Watson was highly critical of the government lawyers representing the Trump administration.

“The government’s contentions are troubling,” Watson wrote in his opinion. “Not only do they ask this court to overlook binding precedent issued in the specific context of the various executive immigration orders authored since the beginning of 2017, but they ask this court to ignore its fundamental responsibility to ensure the legality and constitutionality of [the presidential order]. Following the Ninth Circuit’s lead, this court declined such an invitation before and does so again.”

U.S. District Judge Theodore Chuang of Maryland issued his own order to halt implementation overnight. He rejected the government’s insistence that he ignore Trump’s statements about the travel ban.

“The reasonable observer using a ‘head with common sense’ would rely on the statements of the president to discern the purpose of a presidential proclamation,” Chuang wrote in his decision.

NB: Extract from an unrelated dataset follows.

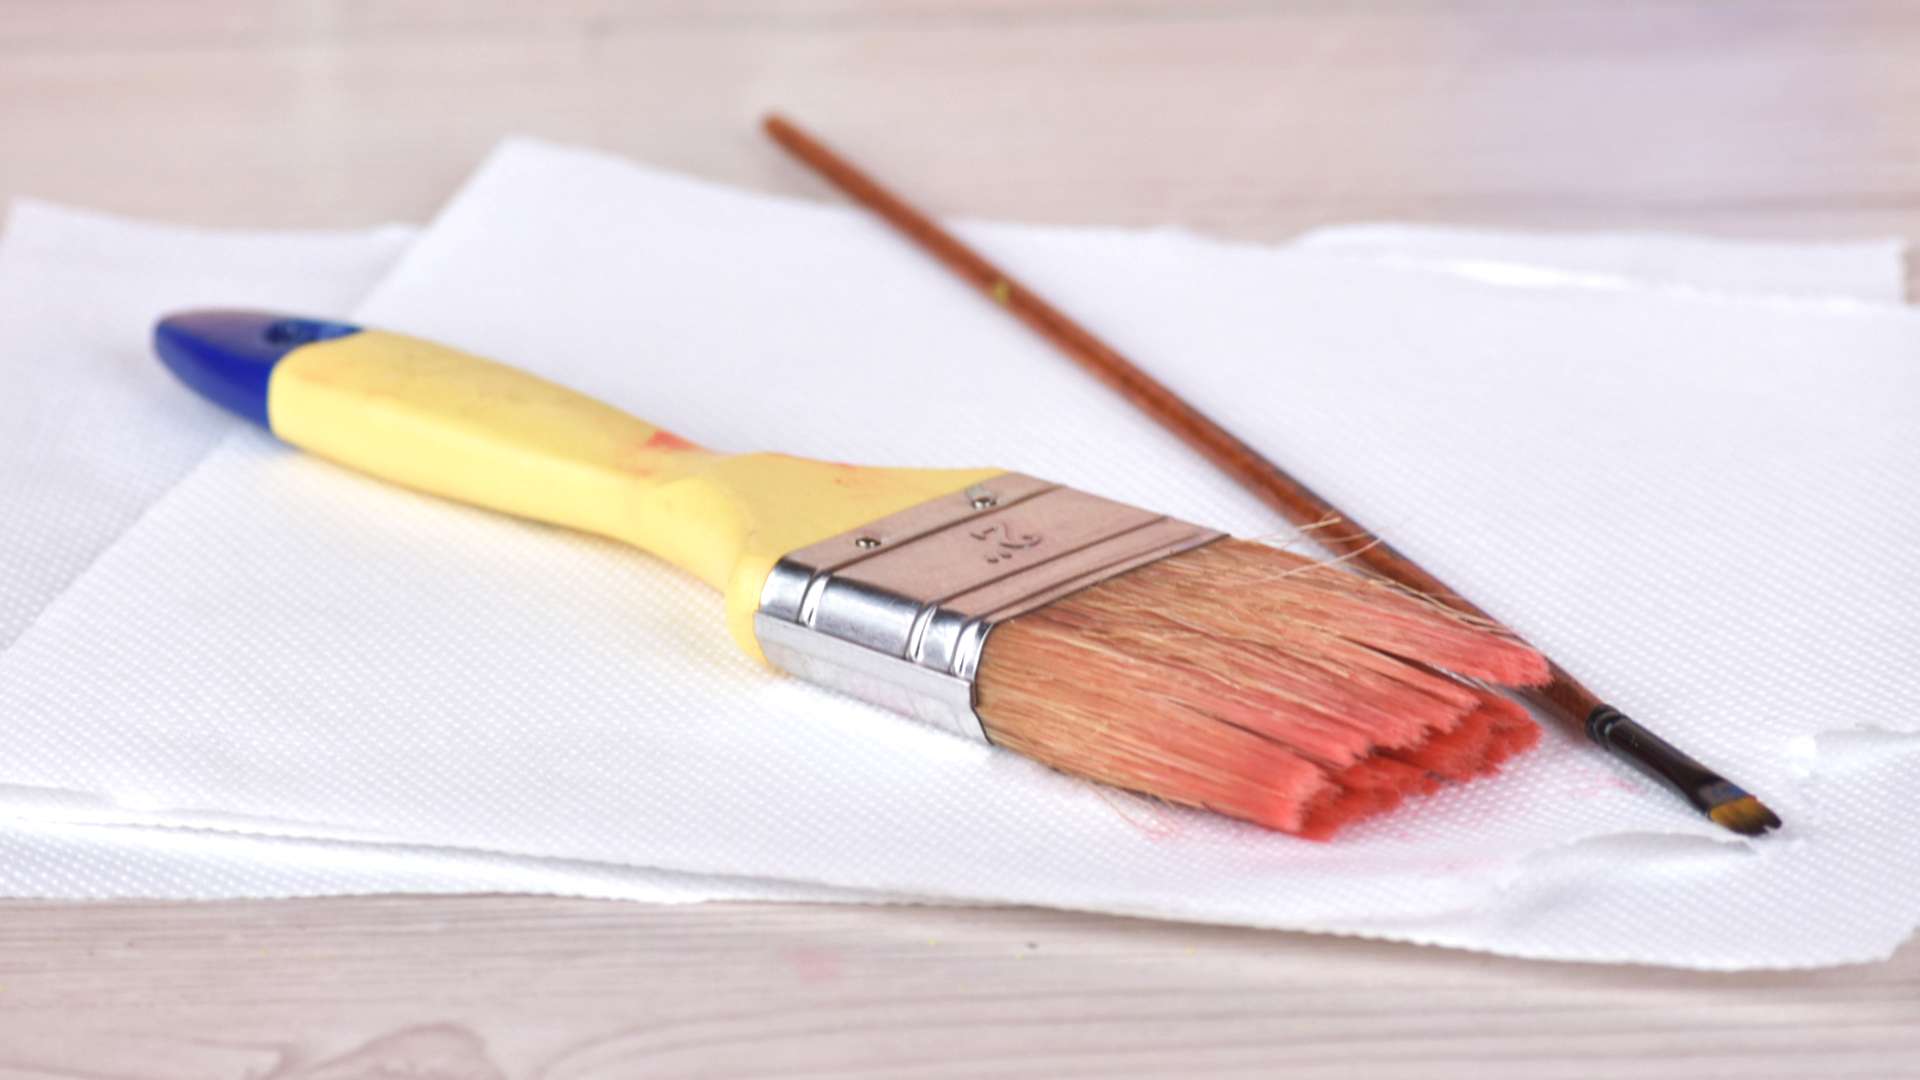 How To Take Care Of Paint Brushes
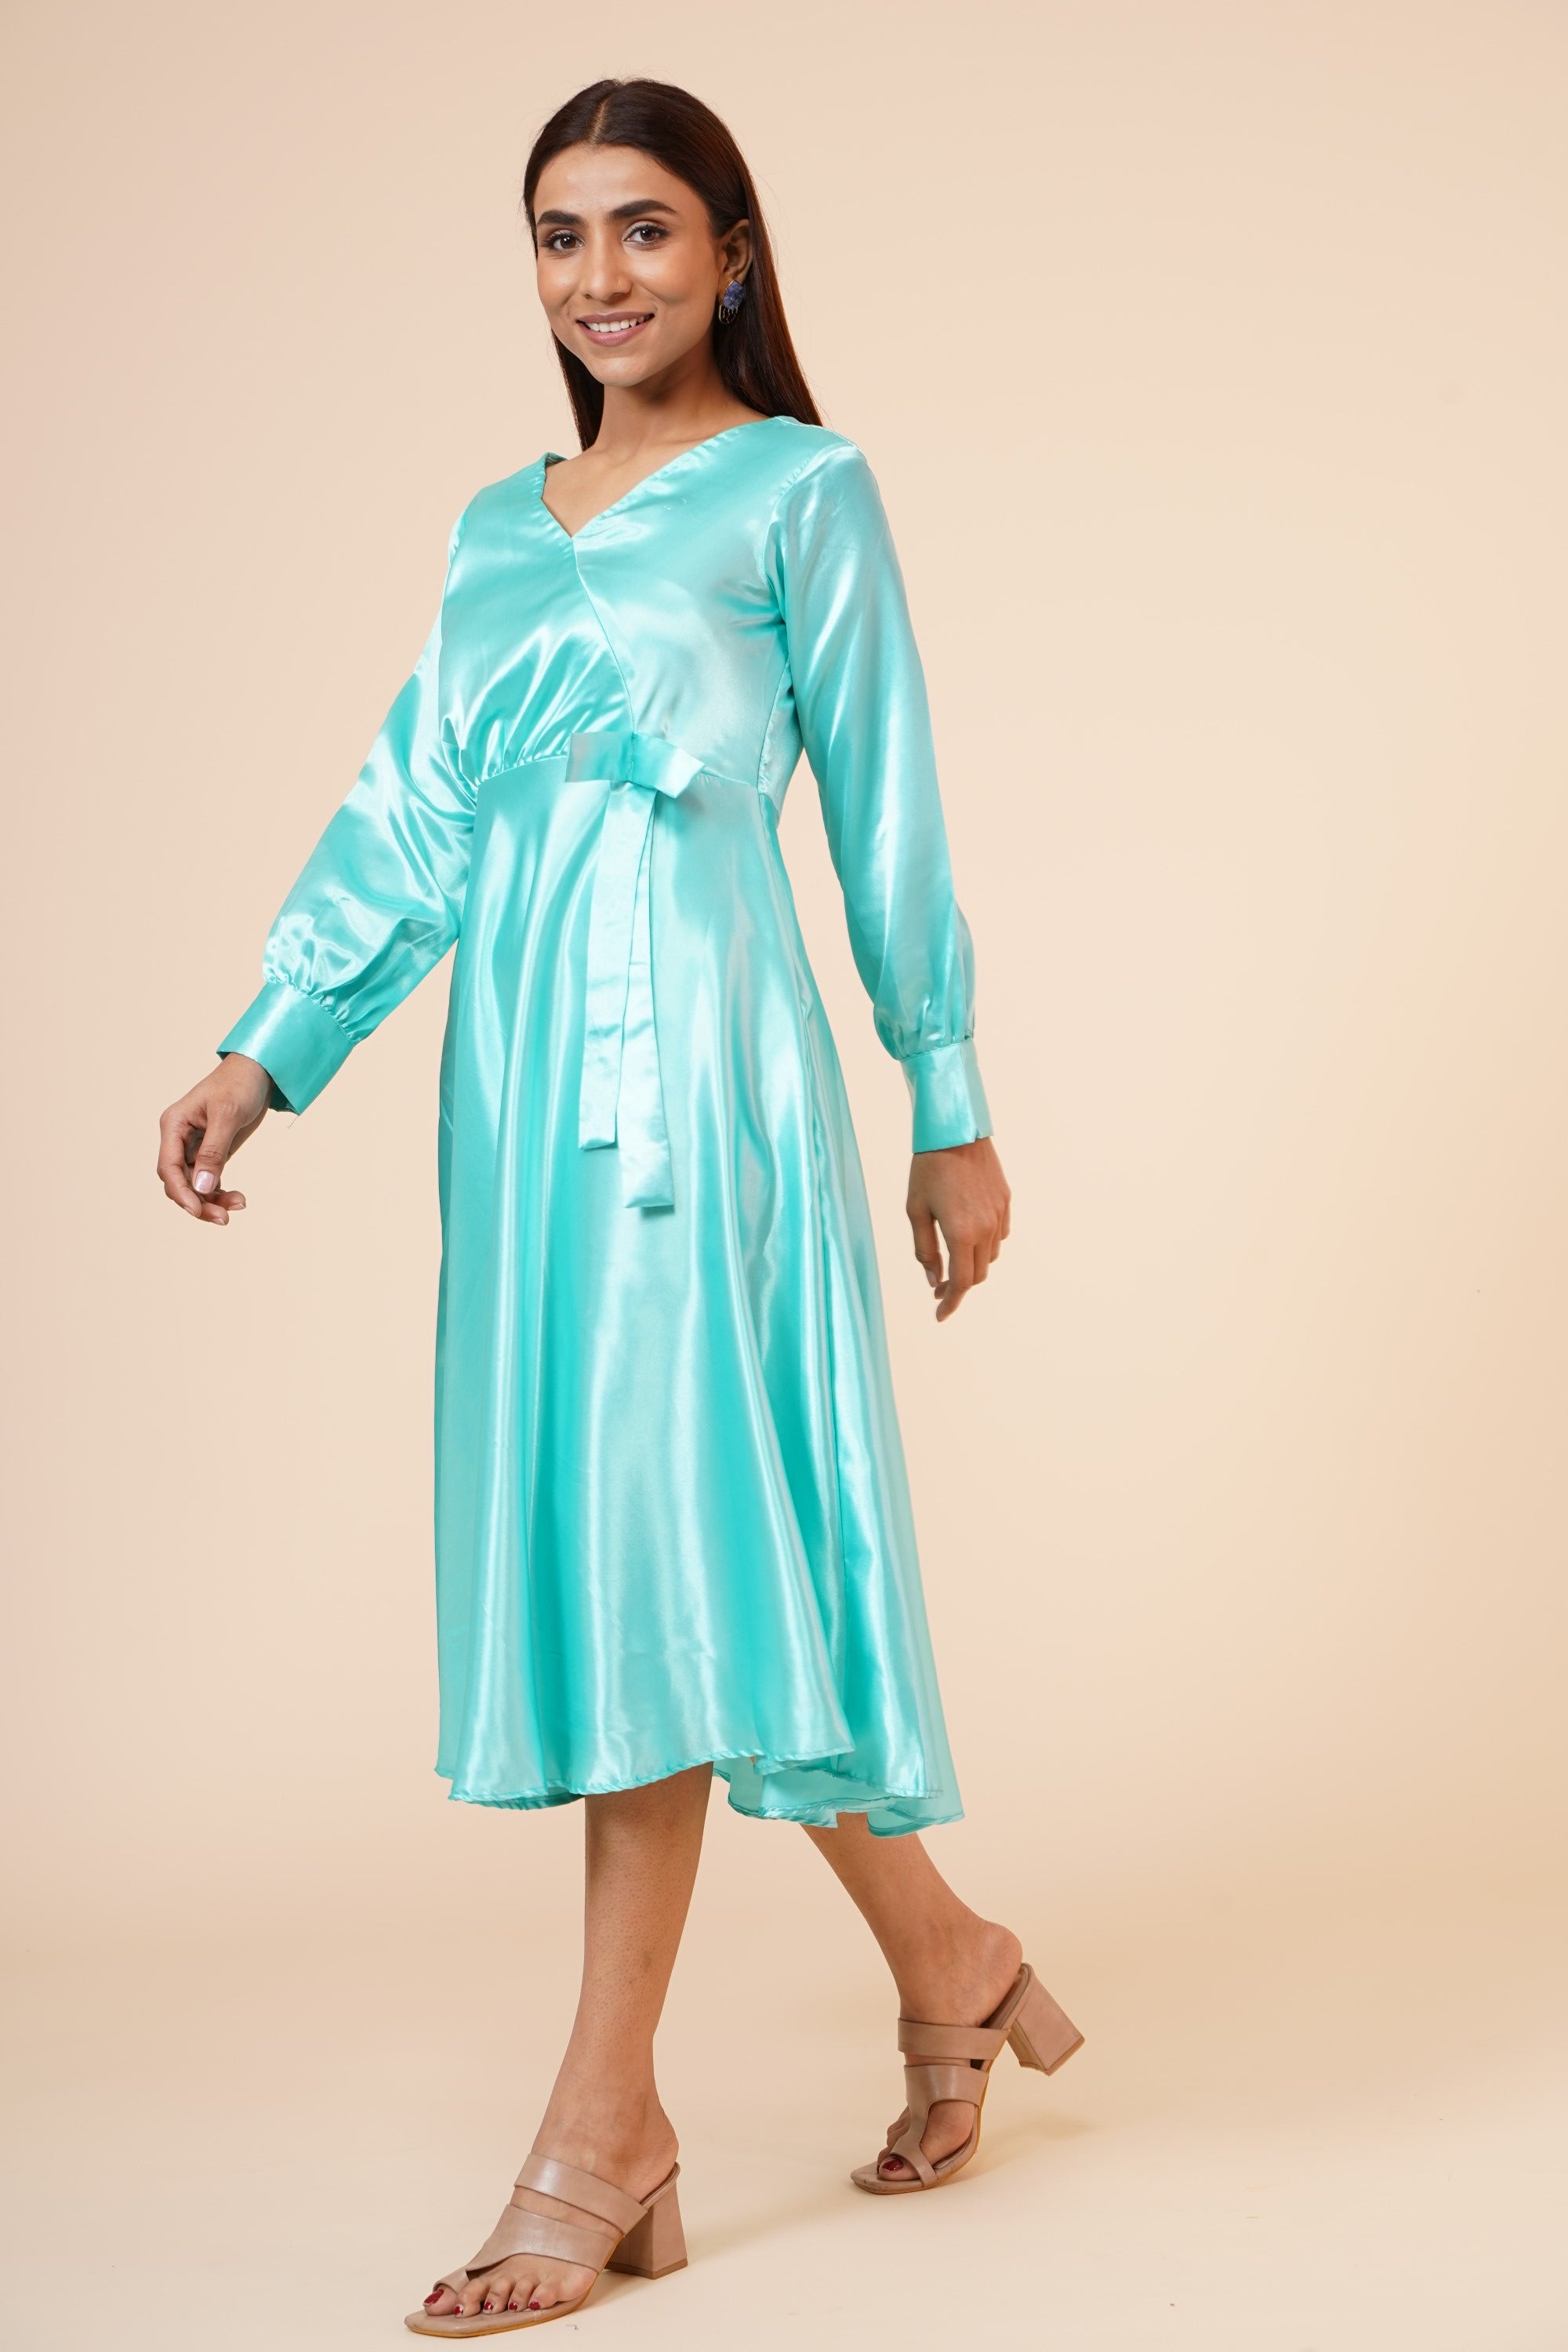 Women's Empire Line With Cuff Satin Wrap Dress Sky Blue - MIRACOLOS by Ruchi

“Here, those statements do not offer ‘persuasive’ rejection of the president’s prior calls for a Muslim ban, or his stated intention to use a ban on certain ‘dangerous territory’ to effectuate a Muslim ban, nor do they show that the stated intention to impose a Muslim ban has been ‘repealed or otherwise repudiated.’ Rather, they cast the proclamation as the inextricable re-animation of the twice-enjoined Muslim ban, and, in echoes of McCreary, convey the message that the third iteration of the ban—no longer temporary—will be the ‘enhanced expression’ of the earlier ones,” Chuang explained.